Madin–Darby canine kidney cells were infected with WT or mutant viruses at a multiplicity of infection (MOI) of 1 at 37 °C. At 18 h postinfection (hpi), cells were lysed in 1× lysis buffer [20 mm Hepes, pH 8.0, 25% (v/v) glycerol, 0.5 m NaCl, 1.5 mm MgCl2, 0.2 mm EDTA, pH 8.0] containing protease inhibitors (Roche Diagnostics GmbH, Mannheim, Germany) by frozen/thawed method and clarified by centrifugation at 16 100 for 10 min at 4 °C. The cellular extract was mixed with the sample buffer, boiled for 5 min, and analyzed by SDS/PAGE on a 12% gel. To detect the specific viral protein on a western blot analysis, total proteins were transferred onto nitrocellulose membranes (PerkinElmer, Waltham, MA, USA). The membranes were then blocked with skimmed milk in TBS buffer, incubated with anti‐NS1 IgY raised by immunizing chicken with recombinant NS1 protein or anti‐NP serum (ab20343; Abcam, Cambridge, UK) in MTBS buffer with 0.1% Tween 20 (Sigma) for 2 h, followed by incubation with horseradish peroxidase‐conjugated rabbit anti‐chicken IgY secondary antibody (1 : 10 000; Thermo Fisher Scientific, Taipei, Taiwan) in MTBS buffer with 0.1% Tween 20 for 1 h.
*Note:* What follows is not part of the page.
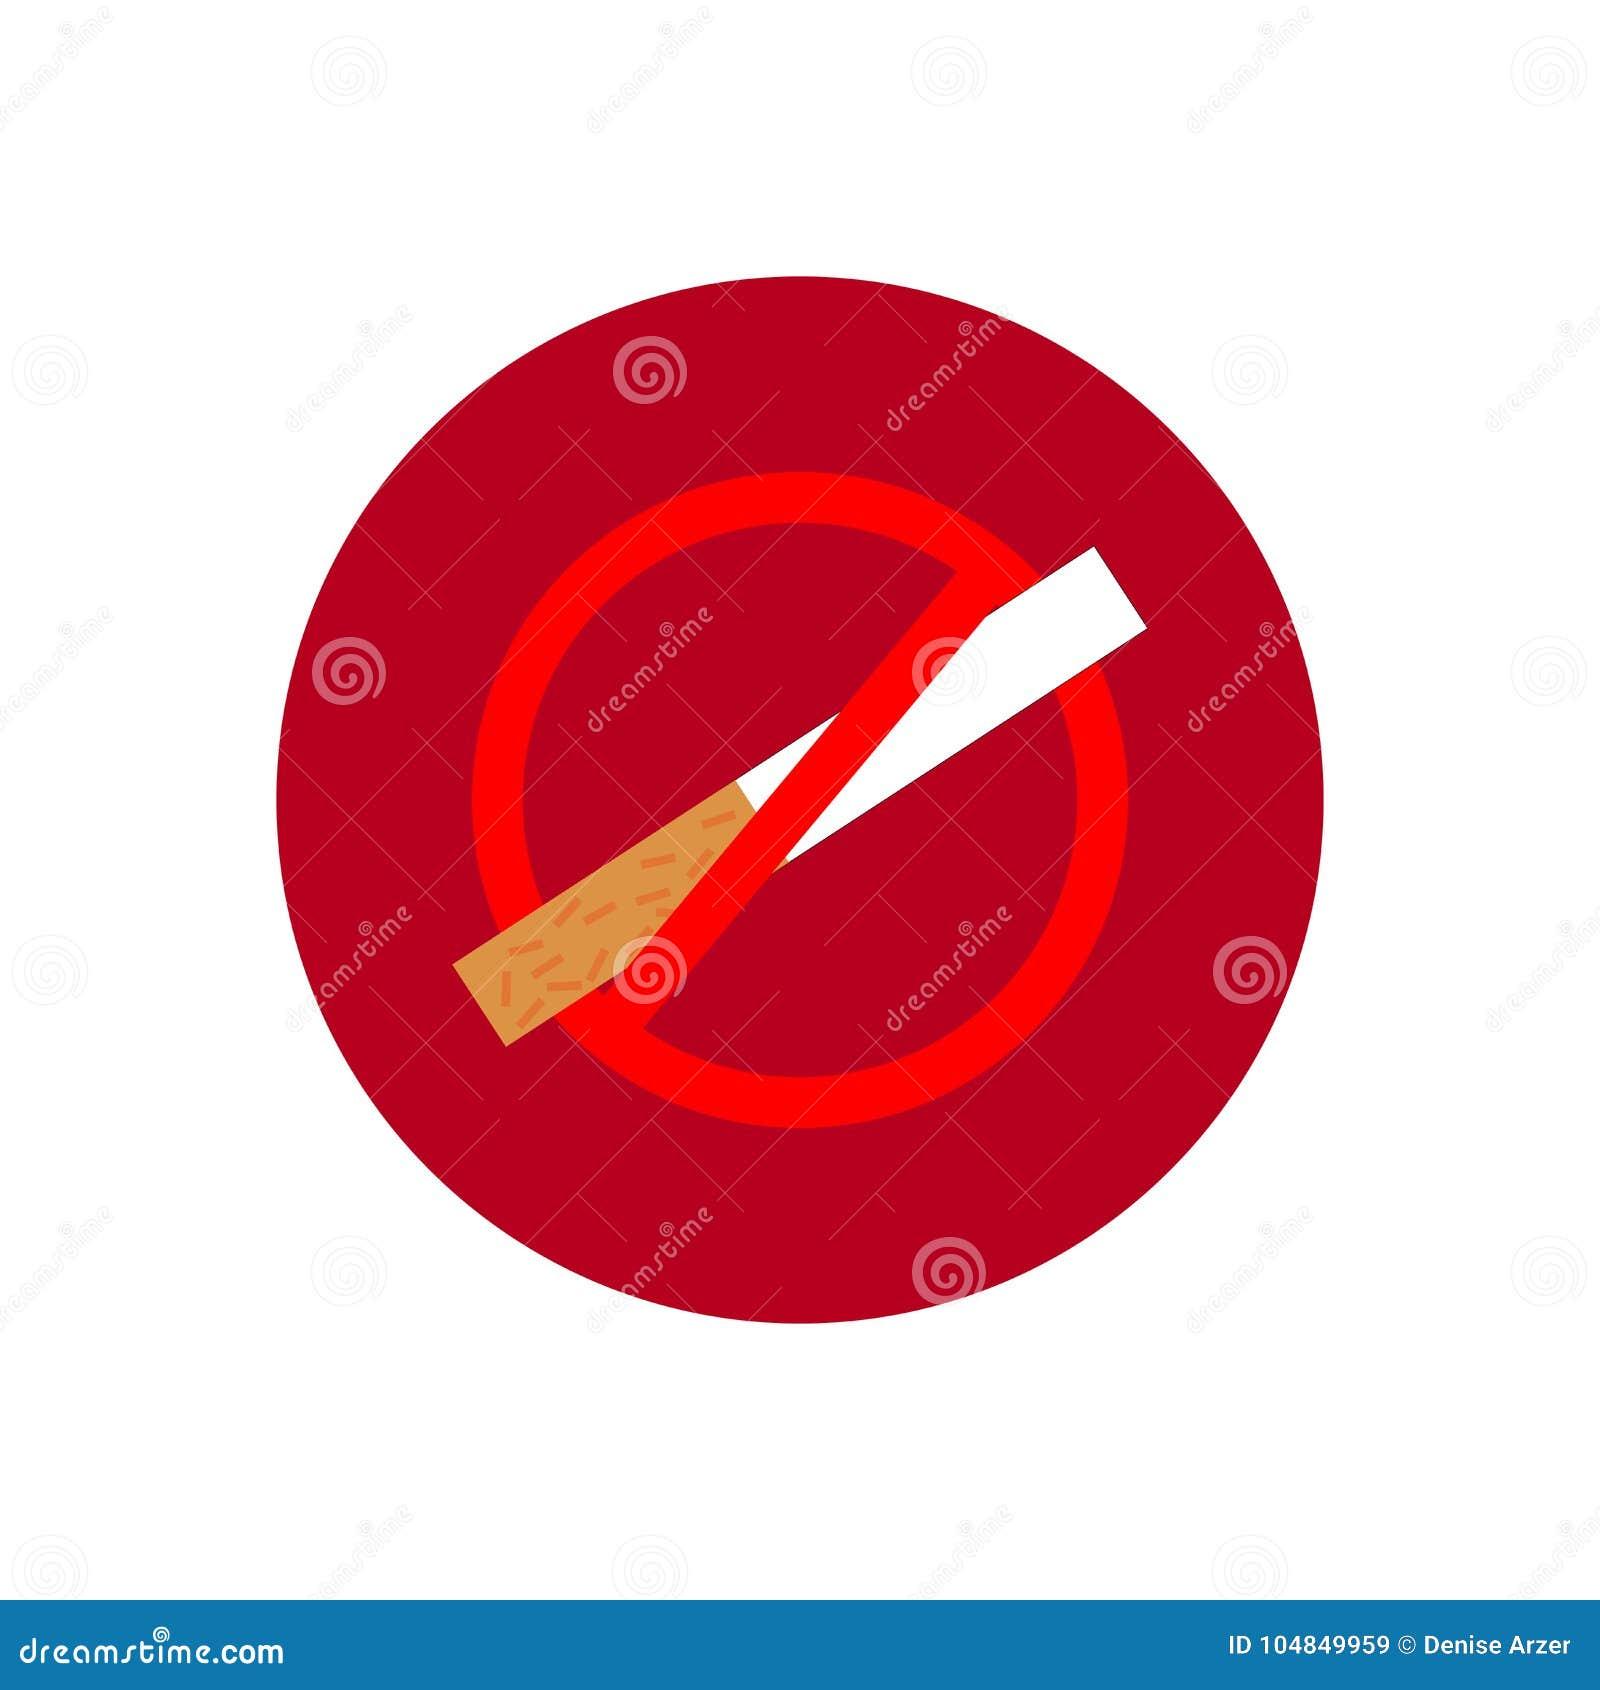 Round ikona z dymienie zabronionym symbolem

Proteins were detected by a Novex® ECL HRP chemiluminescent substrate reagent kit (Invitrogen) with Kodak image station 2000MM system.

Immunofluorescence

For indirect immunofluorescence analysis, cells were fixed with 4% paraformaldehyde (Serva Electrophoresis GmbH, Heidelberg, German) for 10 min at room temperature, washed with PBS twice, and permeabilized in 0.1% Triton X‐100 (Merck, Kenilworth, NJ, USA) in PBS for 10 min. After washing with PBS twice, cells were then treated with Image‐iTTM FX signal enhancer (Molecular Probes, Inc., Eugene, OR, USA) for 30 min and washed again with PBS twice. Subsequently, cells were incubated with primary antibodies, such as anti‐S‐tag antibody (1 : 2000; 71549; Novagen, Madison, WI, USA), rabbit polyclonal anti‐nucleolin antibody (1 : 2000; ab22758, Abcam), or anti‐NS1 IgY, in PBS for 1 h at room temperature, washed with PBS twice, and incubated with secondary antibodies such as Alexa Fluor 405 goat anti‐rabbit IgG (1 : 2000; Invitrogen), Alexa Fluor 488 goat anti‐mouse IgG (1 : 2000; Invitrogen), Alexa Fluor 555 goat anti‐rabbit IgG (1 : 2000; Invitrogen), and FITC goat anti‐chicken/turkey IgG (1 : 100; Invitrogen), Alexa Fluor 568‐conjugated goat anti‐chicken IgG antibody (1 : 2000; Molecular Probes), in PBS for 1 h at room temperature, and then incubated for 5 min with 4′, 6‐diamidino‐2‐phenylindole (DAPI) (final concentration 1 μg·mL−1; Invitrogen). Cells were washed with PBS twice and water twice. After coverslips were dried, they were mounted on glass slides with Vectashield mounting reagent (Vector Corporation, Burlingame, CA, USA) and examined by an inverted fluorescence confocal microscope (FV1000; Olympus, Tokyo, Japan). Images were acquired by olympus fv10‐asw 1.3 viewer software and processed by Adobe Photoshop. Cells were fixed in 1.875% formalin and permeabilized in 0.5% NP‐40, or the cells were fixed in cooled methanol in different fixation procedures experiment. To locate the nuclei and mitochondria in cells, samples were simultaneously stained with DAPI and MitoTracker Orange CMTMRos (final concentration 150 nm; Molecular Probes), respectively.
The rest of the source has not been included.